About this task.
Write out the whole listing again, exactly as given.

Source data.

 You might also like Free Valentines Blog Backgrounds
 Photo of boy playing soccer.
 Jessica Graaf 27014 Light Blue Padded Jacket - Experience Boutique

Result.
 You might also like Free Valentines Blog Backgrounds
 Photo of boy playing soccer.
 Jessica Graaf 27014 Light Blue Padded Jacket - Experience Boutique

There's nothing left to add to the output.